> **Task goal**:
Once you reach the line containing "alienigena antropomorfo con" in the data below, restate each line word for word up to and including the one containing "Vaughan Conditioning Pump Info Sheet".

[Data for processing — start]

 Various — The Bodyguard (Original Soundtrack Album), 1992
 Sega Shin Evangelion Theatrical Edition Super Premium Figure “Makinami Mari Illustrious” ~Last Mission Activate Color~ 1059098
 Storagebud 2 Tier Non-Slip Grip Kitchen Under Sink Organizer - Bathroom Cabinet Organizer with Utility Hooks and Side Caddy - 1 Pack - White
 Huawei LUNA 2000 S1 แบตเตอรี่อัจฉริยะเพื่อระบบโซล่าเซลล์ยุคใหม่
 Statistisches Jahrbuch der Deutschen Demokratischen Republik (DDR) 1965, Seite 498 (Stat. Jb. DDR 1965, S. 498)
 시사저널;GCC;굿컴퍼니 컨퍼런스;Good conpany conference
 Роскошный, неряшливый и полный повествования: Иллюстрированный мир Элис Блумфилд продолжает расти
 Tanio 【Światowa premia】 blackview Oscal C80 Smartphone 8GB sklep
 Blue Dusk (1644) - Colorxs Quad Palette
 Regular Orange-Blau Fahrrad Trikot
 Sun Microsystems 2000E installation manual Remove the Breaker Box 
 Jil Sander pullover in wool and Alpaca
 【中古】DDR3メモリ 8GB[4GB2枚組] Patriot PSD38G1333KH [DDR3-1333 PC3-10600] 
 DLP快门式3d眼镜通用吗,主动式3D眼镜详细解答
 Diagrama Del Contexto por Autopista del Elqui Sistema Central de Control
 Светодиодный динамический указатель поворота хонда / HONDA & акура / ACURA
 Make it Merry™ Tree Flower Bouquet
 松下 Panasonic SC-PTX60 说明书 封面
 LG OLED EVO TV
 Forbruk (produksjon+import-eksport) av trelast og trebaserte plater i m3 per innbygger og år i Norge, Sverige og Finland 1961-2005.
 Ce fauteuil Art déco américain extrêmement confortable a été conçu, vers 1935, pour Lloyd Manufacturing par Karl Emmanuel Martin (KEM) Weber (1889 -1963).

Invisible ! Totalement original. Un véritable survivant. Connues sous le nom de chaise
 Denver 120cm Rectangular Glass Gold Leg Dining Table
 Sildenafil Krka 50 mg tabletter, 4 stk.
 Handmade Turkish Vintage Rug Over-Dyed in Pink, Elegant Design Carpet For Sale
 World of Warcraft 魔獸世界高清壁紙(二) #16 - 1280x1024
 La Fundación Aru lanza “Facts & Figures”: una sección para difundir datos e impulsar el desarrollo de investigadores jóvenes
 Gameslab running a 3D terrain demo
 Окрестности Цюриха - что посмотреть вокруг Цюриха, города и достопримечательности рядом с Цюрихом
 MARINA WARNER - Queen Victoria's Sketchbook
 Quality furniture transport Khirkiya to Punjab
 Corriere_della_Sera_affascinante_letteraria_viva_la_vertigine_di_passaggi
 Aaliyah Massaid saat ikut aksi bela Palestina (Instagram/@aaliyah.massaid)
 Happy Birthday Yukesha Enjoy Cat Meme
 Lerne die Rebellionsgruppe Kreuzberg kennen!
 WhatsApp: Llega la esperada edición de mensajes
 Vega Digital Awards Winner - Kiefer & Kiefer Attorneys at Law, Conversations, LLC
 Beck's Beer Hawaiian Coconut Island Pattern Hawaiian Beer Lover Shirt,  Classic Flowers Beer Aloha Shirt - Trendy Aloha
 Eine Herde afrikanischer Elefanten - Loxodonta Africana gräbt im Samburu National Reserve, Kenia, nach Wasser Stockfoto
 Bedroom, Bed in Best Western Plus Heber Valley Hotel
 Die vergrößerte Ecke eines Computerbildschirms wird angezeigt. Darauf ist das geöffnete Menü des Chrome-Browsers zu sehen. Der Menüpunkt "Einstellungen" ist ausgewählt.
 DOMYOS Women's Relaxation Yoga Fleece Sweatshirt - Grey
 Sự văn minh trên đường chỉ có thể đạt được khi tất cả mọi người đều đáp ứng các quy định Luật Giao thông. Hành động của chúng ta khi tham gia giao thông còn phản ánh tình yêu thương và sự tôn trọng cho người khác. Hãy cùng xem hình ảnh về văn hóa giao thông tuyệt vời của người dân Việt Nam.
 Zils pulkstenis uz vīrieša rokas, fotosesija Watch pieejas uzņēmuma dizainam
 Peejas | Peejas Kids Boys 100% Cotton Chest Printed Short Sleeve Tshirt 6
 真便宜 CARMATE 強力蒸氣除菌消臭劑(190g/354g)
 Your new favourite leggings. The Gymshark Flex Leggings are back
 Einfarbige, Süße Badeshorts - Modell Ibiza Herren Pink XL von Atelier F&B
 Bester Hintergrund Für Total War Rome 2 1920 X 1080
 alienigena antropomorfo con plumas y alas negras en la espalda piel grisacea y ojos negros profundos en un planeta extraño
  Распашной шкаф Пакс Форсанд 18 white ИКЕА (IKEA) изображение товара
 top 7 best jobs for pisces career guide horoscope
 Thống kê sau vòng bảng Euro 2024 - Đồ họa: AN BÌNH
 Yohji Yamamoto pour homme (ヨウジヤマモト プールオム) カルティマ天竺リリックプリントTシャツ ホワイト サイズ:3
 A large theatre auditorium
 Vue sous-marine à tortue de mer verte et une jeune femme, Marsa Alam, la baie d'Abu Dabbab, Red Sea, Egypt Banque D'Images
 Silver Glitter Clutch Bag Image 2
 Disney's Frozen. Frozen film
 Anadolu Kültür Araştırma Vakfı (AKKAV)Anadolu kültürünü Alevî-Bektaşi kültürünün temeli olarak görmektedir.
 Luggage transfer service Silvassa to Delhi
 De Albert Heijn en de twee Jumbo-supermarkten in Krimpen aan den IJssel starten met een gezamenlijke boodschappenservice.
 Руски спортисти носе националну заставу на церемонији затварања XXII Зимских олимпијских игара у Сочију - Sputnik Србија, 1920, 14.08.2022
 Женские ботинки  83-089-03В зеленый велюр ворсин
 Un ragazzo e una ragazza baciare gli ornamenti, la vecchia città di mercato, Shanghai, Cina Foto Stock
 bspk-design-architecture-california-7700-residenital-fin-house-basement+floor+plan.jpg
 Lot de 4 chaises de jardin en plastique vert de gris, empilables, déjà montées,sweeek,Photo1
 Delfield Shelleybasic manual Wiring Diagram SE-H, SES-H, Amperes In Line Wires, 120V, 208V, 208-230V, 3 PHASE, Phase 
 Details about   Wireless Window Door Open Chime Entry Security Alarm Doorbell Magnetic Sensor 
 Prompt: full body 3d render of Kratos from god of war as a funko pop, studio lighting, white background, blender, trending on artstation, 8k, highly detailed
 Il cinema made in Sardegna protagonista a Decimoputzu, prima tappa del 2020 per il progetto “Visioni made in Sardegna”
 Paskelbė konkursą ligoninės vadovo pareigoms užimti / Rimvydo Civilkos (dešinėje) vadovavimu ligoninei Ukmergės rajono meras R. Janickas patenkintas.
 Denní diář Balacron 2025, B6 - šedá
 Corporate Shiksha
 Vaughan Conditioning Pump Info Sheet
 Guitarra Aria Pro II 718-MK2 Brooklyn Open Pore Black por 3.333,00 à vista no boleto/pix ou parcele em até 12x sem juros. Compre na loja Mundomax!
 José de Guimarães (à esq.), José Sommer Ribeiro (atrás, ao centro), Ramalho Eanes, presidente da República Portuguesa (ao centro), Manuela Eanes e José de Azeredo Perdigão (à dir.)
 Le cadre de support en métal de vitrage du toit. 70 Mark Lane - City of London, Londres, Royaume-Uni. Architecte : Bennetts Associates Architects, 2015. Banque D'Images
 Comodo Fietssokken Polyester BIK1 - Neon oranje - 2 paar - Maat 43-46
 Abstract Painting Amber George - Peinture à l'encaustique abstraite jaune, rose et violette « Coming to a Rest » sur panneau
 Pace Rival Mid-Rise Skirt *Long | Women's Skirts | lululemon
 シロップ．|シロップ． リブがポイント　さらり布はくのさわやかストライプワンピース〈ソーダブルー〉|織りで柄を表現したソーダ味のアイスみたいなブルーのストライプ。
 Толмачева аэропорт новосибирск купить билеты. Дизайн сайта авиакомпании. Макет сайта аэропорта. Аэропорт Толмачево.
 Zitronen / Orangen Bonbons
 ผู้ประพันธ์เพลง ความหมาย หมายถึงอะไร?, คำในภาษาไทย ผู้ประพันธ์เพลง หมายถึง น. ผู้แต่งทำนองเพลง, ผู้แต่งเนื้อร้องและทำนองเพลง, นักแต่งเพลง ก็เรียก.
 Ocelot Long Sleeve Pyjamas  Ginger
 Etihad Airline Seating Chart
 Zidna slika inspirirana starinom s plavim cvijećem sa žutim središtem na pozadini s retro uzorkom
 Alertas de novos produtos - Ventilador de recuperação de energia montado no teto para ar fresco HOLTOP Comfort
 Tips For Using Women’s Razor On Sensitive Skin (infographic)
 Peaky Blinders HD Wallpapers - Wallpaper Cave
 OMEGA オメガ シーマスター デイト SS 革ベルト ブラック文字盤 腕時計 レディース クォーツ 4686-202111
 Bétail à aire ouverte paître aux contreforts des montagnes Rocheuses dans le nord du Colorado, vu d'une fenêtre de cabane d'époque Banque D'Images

[Data for processing — finish]

> **Exercise solution**:
 alienigena antropomorfo con plumas y alas negras en la espalda piel grisacea y ojos negros profundos en un planeta extraño
  Распашной шкаф Пакс Форсанд 18 white ИКЕА (IKEA) изображение товара
 top 7 best jobs for pisces career guide horoscope
 Thống kê sau vòng bảng Euro 2024 - Đồ họa: AN BÌNH
 Yohji Yamamoto pour homme (ヨウジヤマモト プールオム) カルティマ天竺リリックプリントTシャツ ホワイト サイズ:3
 A large theatre auditorium
 Vue sous-marine à tortue de mer verte et une jeune femme, Marsa Alam, la baie d'Abu Dabbab, Red Sea, Egypt Banque D'Images
 Silver Glitter Clutch Bag Image 2
 Disney's Frozen. Frozen film
 Anadolu Kültür Araştırma Vakfı (AKKAV)Anadolu kültürünü Alevî-Bektaşi kültürünün temeli olarak görmektedir.
 Luggage transfer service Silvassa to Delhi
 De Albert Heijn en de twee Jumbo-supermarkten in Krimpen aan den IJssel starten met een gezamenlijke boodschappenservice.
 Руски спортисти носе националну заставу на церемонији затварања XXII Зимских олимпијских игара у Сочију - Sputnik Србија, 1920, 14.08.2022
 Женские ботинки  83-089-03В зеленый велюр ворсин
 Un ragazzo e una ragazza baciare gli ornamenti, la vecchia città di mercato, Shanghai, Cina Foto Stock
 bspk-design-architecture-california-7700-residenital-fin-house-basement+floor+plan.jpg
 Lot de 4 chaises de jardin en plastique vert de gris, empilables, déjà montées,sweeek,Photo1
 Delfield Shelleybasic manual Wiring Diagram SE-H, SES-H, Amperes In Line Wires, 120V, 208V, 208-230V, 3 PHASE, Phase 
 Details about   Wireless Window Door Open Chime Entry Security Alarm Doorbell Magnetic Sensor 
 Prompt: full body 3d render of Kratos from god of war as a funko pop, studio lighting, white background, blender, trending on artstation, 8k, highly detailed
 Il cinema made in Sardegna protagonista a Decimoputzu, prima tappa del 2020 per il progetto “Visioni made in Sardegna”
 Paskelbė konkursą ligoninės vadovo pareigoms užimti / Rimvydo Civilkos (dešinėje) vadovavimu ligoninei Ukmergės rajono meras R. Janickas patenkintas.
 Denní diář Balacron 2025, B6 - šedá
 Corporate Shiksha
 Vaughan Conditioning Pump Info Sheet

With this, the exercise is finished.